To edit the server-specific deployment descriptor for any other application server:

  • Double-click the deployment descriptor node. The IDE opens the XML source of the deployment descriptor in the Source Editor.

Note:

If you enter any XML syntax errors the IDE automatically alerts you. To fully ensure your changes have not caused any errors, you should verify the application client.

15.2.3 How to add a module to an enterprise application

EJB or web application modules can be deployed either by themselves or as a part of an enterprise application. Likewise, Java application clients can be either regular Java applications, or can be full Java EE application client modules.

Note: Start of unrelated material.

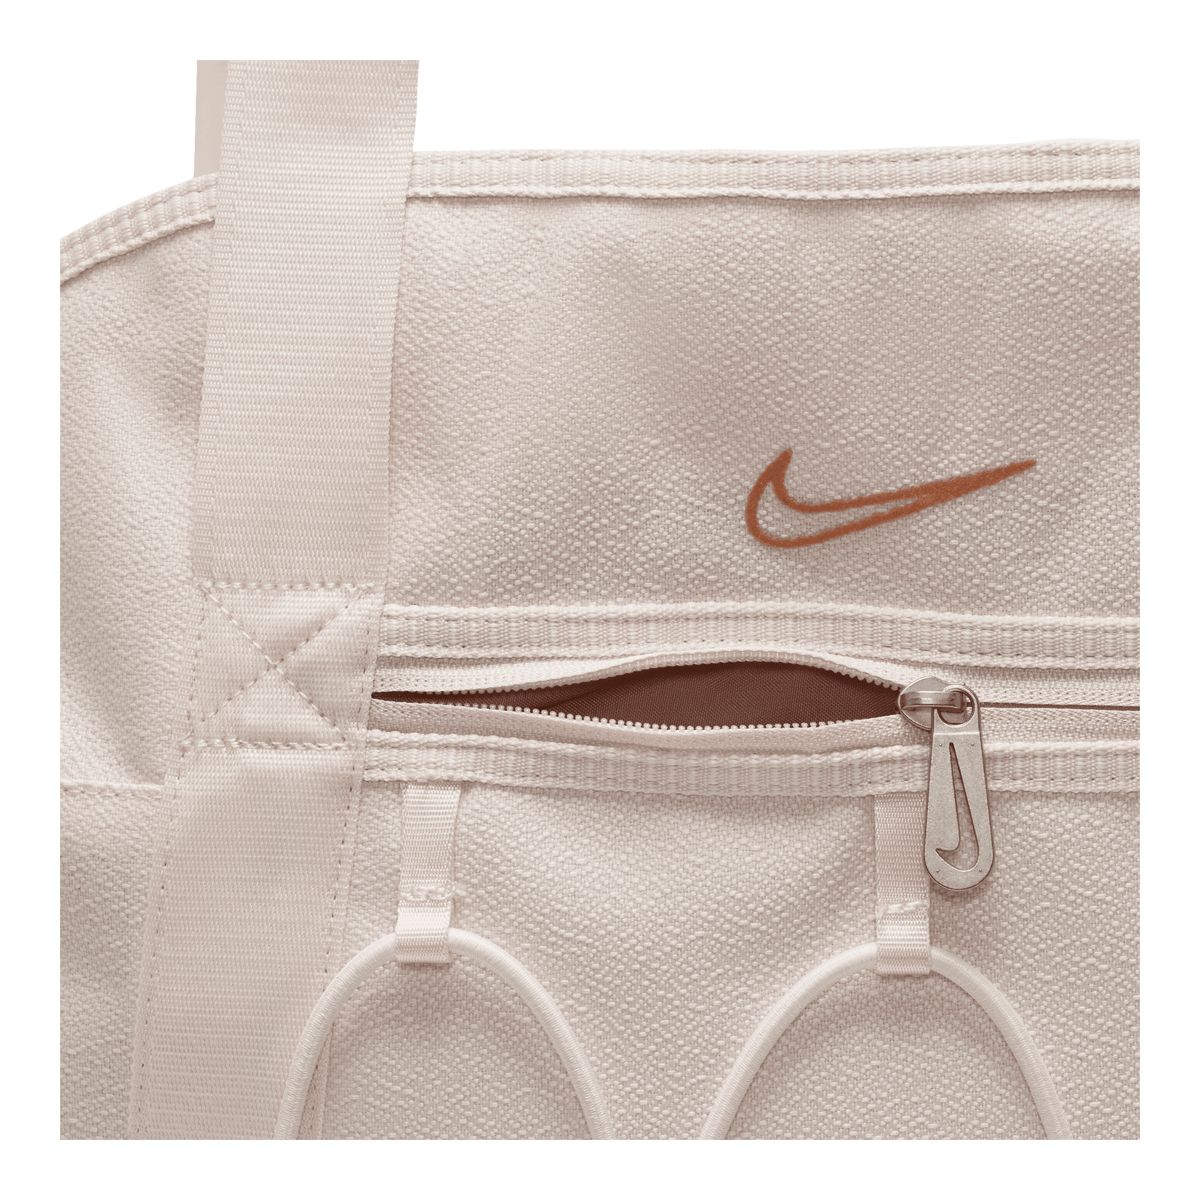 Nike Women's One Tote Bag

Adding an EJB module, web module, or application client module to an enterprise application lets you further configure the way those modules interact with each other.

When you add a module to an enterprise application, the IDE does the following:

  • Lists the module under the enterprise application's Java EE Modules node.

  • Adds the module project to the enterprise application project's list of required projects. This means that the module project is cleaned and built whenever you clean and build the enterprise application project.

  • Adds a module reference to the enterprise application's general deployment descriptors.

  • Packages the module's build output (JAR file or WAR file) into the enterprise application's EAR file when building the project.

To add an existing module to an enterprise application:

  1. Open the module project and the enterprise application project.

  2. In the Projects window, right-click the enterprise application node for the Java EE application and choose Add Java EE Module.

  3. In the dialog box, select the module and click OK.

    You can only add standard projects to an enterprise application. You cannot add free-form projects to an enterprise application because the build and deploy process is not controlled by the IDE.